Strong quarter for the banking sector

June 7, 2007

Specifically, consolidated groups obtained an attributed profit of 4,683 million euros, representing a 36.4% increase compared to the same quarter of the previous year. Profit before tax rose by 29.1% to 6,553 million euros, while the aggregate account for individual banks reached 3,720 million euros, an 80% increase.

Regarding profitability, measured in terms of the balance sheet (ROA), it rose to 1.03%, an improvement of 37 basis points. On a consolidated basis, it stood at 1.21%, 18 basis points higher than in March 2006. ROE (return on equity) also experienced strong year-on-year growth.

Although first-quarter results are heavily influenced by gains from the disposal of securities in the available-for-sale portfolio, the fact is that without these and other extraordinary gains, results for the period would have grown by 38.8% in individual statements and 13% in consolidated statements compared to the first quarter of 2007.

The positive performance of banks in the first quarter is reflected not only in increased results but also in their quality and recurrence, which can be seen in the improvement across all margins. This progress in margins is due to both the quality, recurrence, and improvement of income, as well as cost containment.

Regarding income, if dividends—the most volatile part of this item—are excluded, the increase in the net interest margin is 13.6%, a rise driven by higher intermediated volumes and better management of contracted spreads.

As a result of all this, the net interest margin, which had been experiencing a prolonged decline for several years, has begun to recover slightly in this first quarter. Nevertheless, Spanish banks continue to operate with much narrower spreads than those in other European Union countries, a long-standing situation resulting from the intense competition that characterizes the Spanish banking market.

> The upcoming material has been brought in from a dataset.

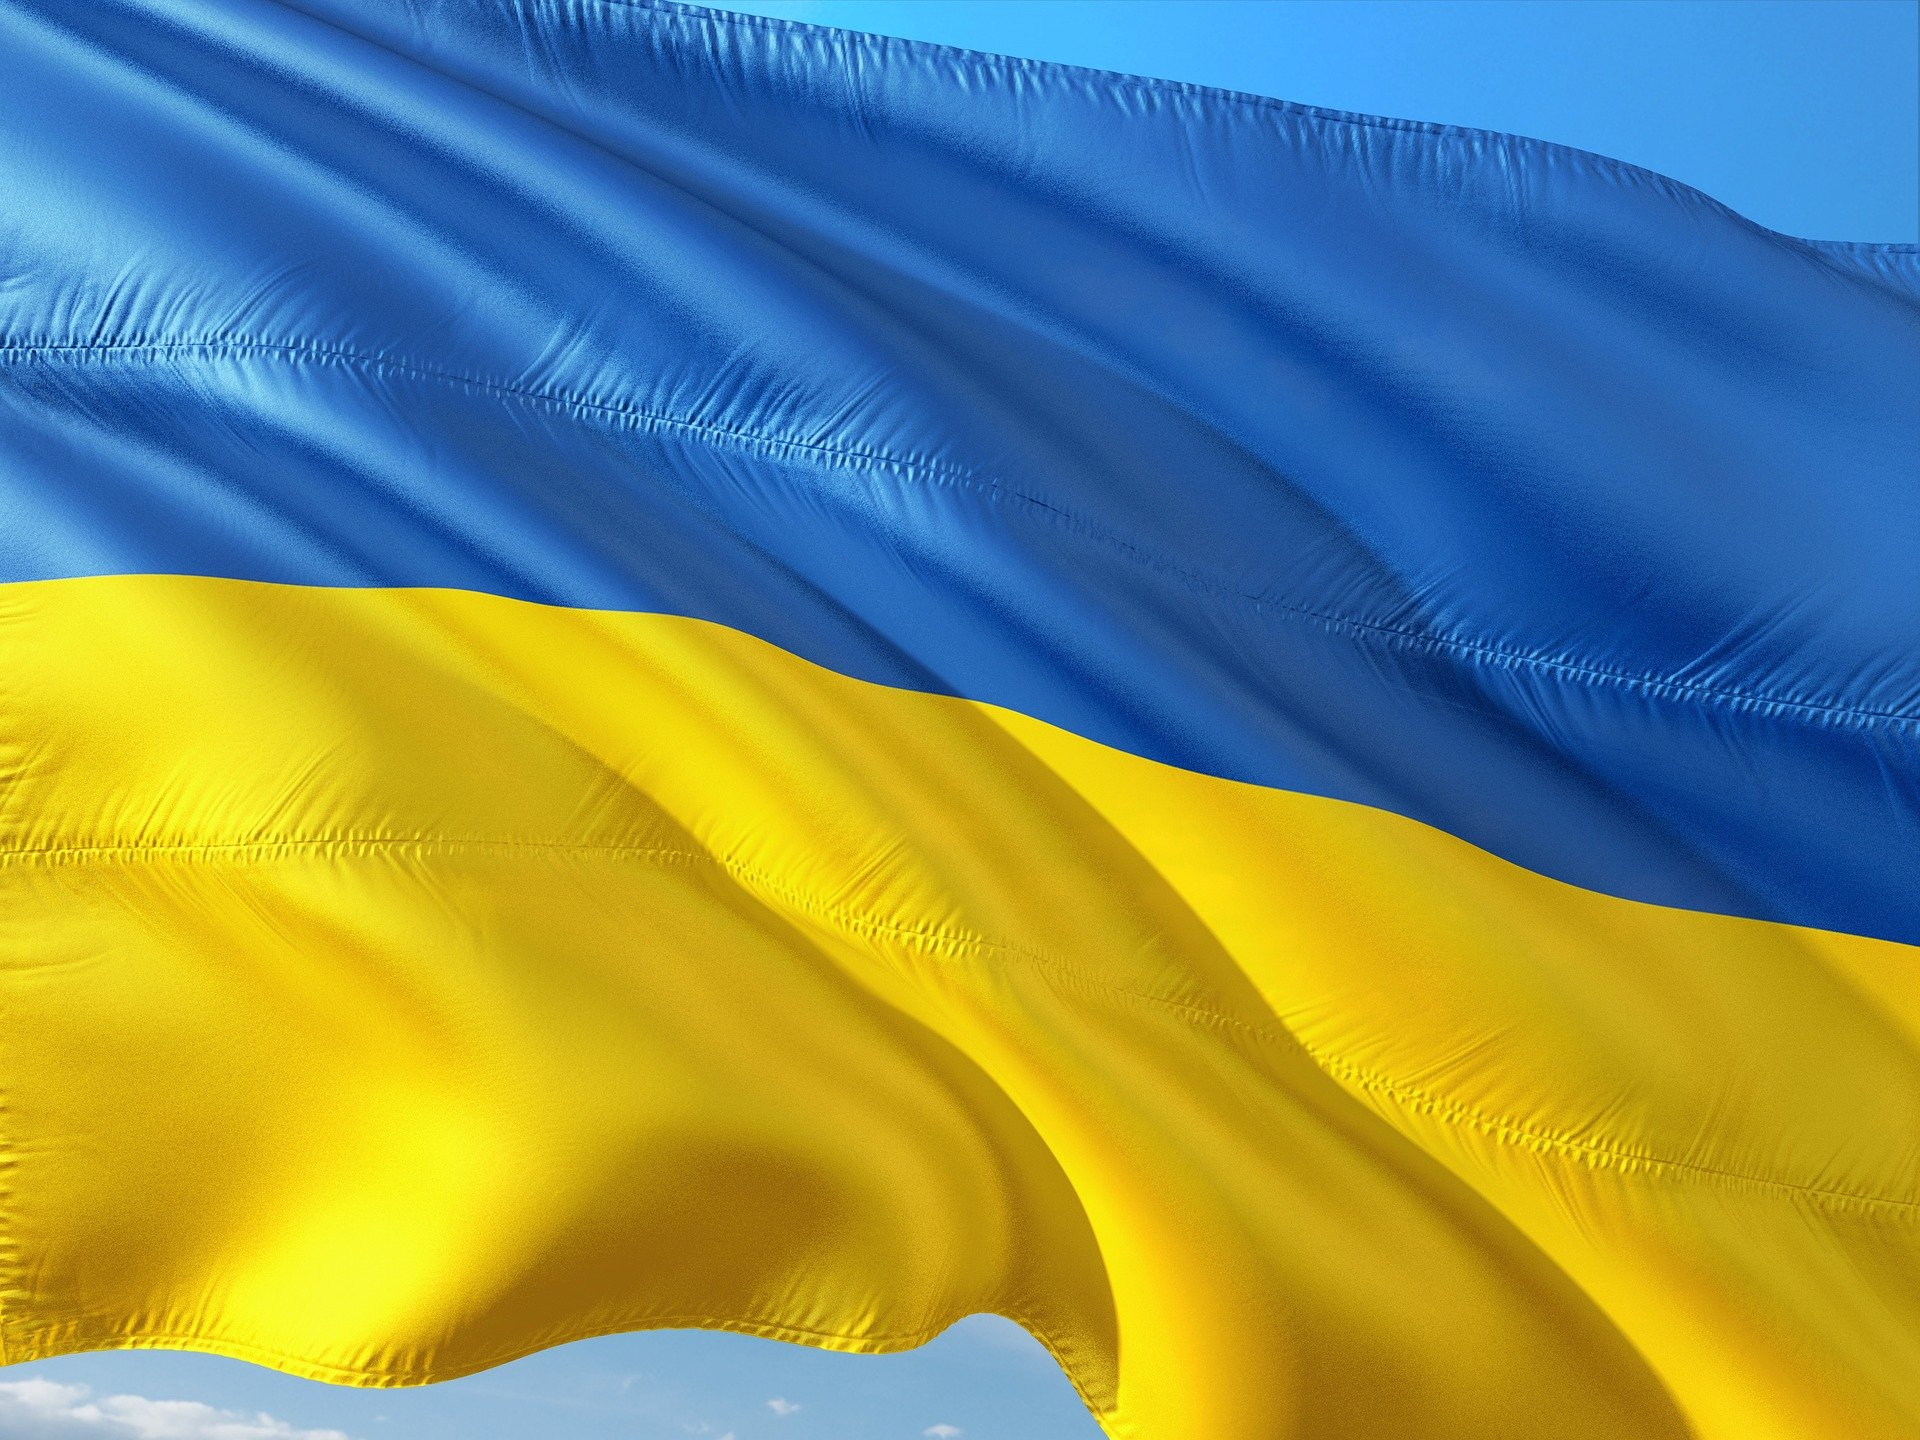 Политолог назвал парадоксальным запрет на российское гражданство для украинцев

Furthermore, the first quarter was characterized by strong growth in net fee and commission income, due to a higher volume of activity and a diversification of income sources—primarily toward securities activity and contingent risks—as well as considerable savings in commissions paid. This progress occurred despite the containment seen in fees for payment method services, a result of the recent commercial policy of some banks that have lowered the cost of these services for their customers.

Operating expenses remain contained, with growth lower than that of total assets; the efficiency ratio continues to improve and is now below 40%, both in the individual aggregate and the consolidated total. This high level of efficiency is especially significant considering that Spanish banks have specialized in the commercial banking business, oriented toward serving customers locally, which requires extensive branch networks.

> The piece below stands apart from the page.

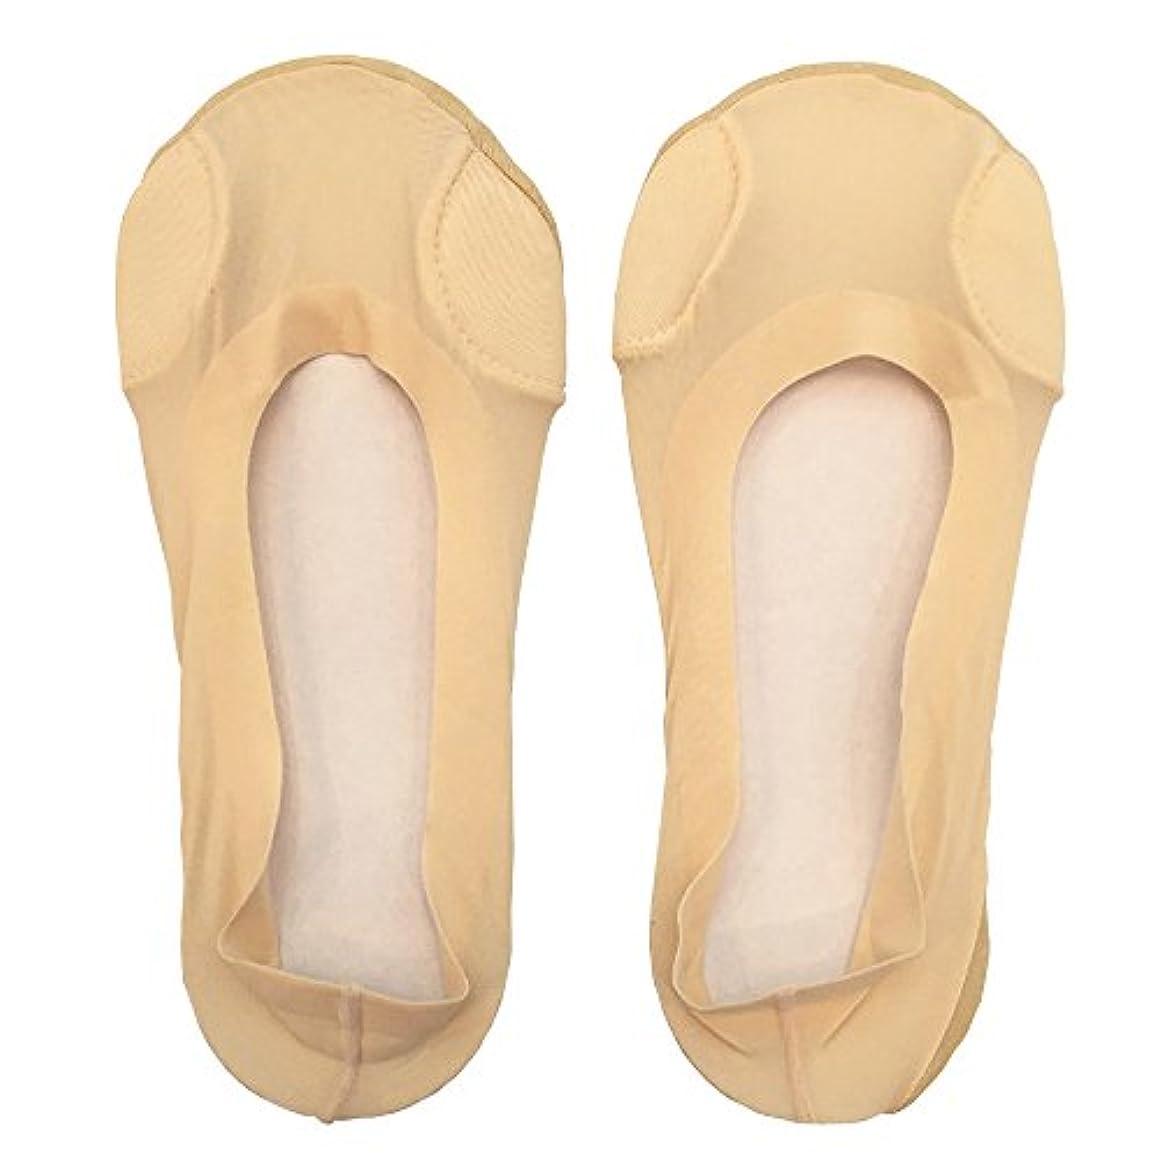 ディスコ取得するリクルートDrScholl(ドクターショール)靴ずれ防止フットカバー 指両側クッション付き 8805DR-80 ベージュ

Although the number of employees and branches continues to grow, the level of efficiency has continued to improve because the sector has been recording steady advances in productivity, whether measured by resources generated per employee and branch, or by loans and deposits.

During the first quarter of 2007, banks continued the process, initiated in previous years, of diversifying credit investment in a clear attempt to anticipate the slowdown in the mortgage market, although an orderly and gradual adjustment of the construction sector is expected.

In this credit reorientation process, lending to companies and consumer financing stand out. However, banks have also continued to diversify their funding sources, thereby managing to reduce their dependence on interbank financing; maintain lower exposure in the fixed-income portfolio; and intensify their financing through the issuance of securities and securitizations to adapt the balance sheet to a rising interest rate environment.

Regarding geographical diversification, a key strategic line for some Spanish banks, it can be said that subsidiaries represent 30% of the average total assets of the aggregate consolidated balance sheet and contribute 40% to the consolidated result.

Despite the strong growth in activity, Spanish banking maintains the strength of its balance sheet, both due to the high level of equity available and the low non-performing loan ratio of its investments and their high coverage level.

Equity remains high, with a BIS solvency ratio of 12.31%, representing a surplus of 53.91% over the minimum required capital.

Furthermore, credit growth has not led to an increase in the non-performing loan ratio, which is slightly lower than a year ago, nor a reduction in coverage, which remains at the same levels.

Although these ratios could suffer some deterioration in the future, the fact is that, currently, the non-performing loan rate is at record lows and coverage is very high; therefore, the current situation allows the future to be faced with great confidence.

Download press release

Related notes

tweet-1
October 7, 2025

The banking sector presents regulatory simplification proposals in Frankfurt to boost EU growth

post-results
April 5, 2022

AEB banks obtain a profit of €15.125 billion in 2021

This content has been automatically translated and may contain inaccuracies.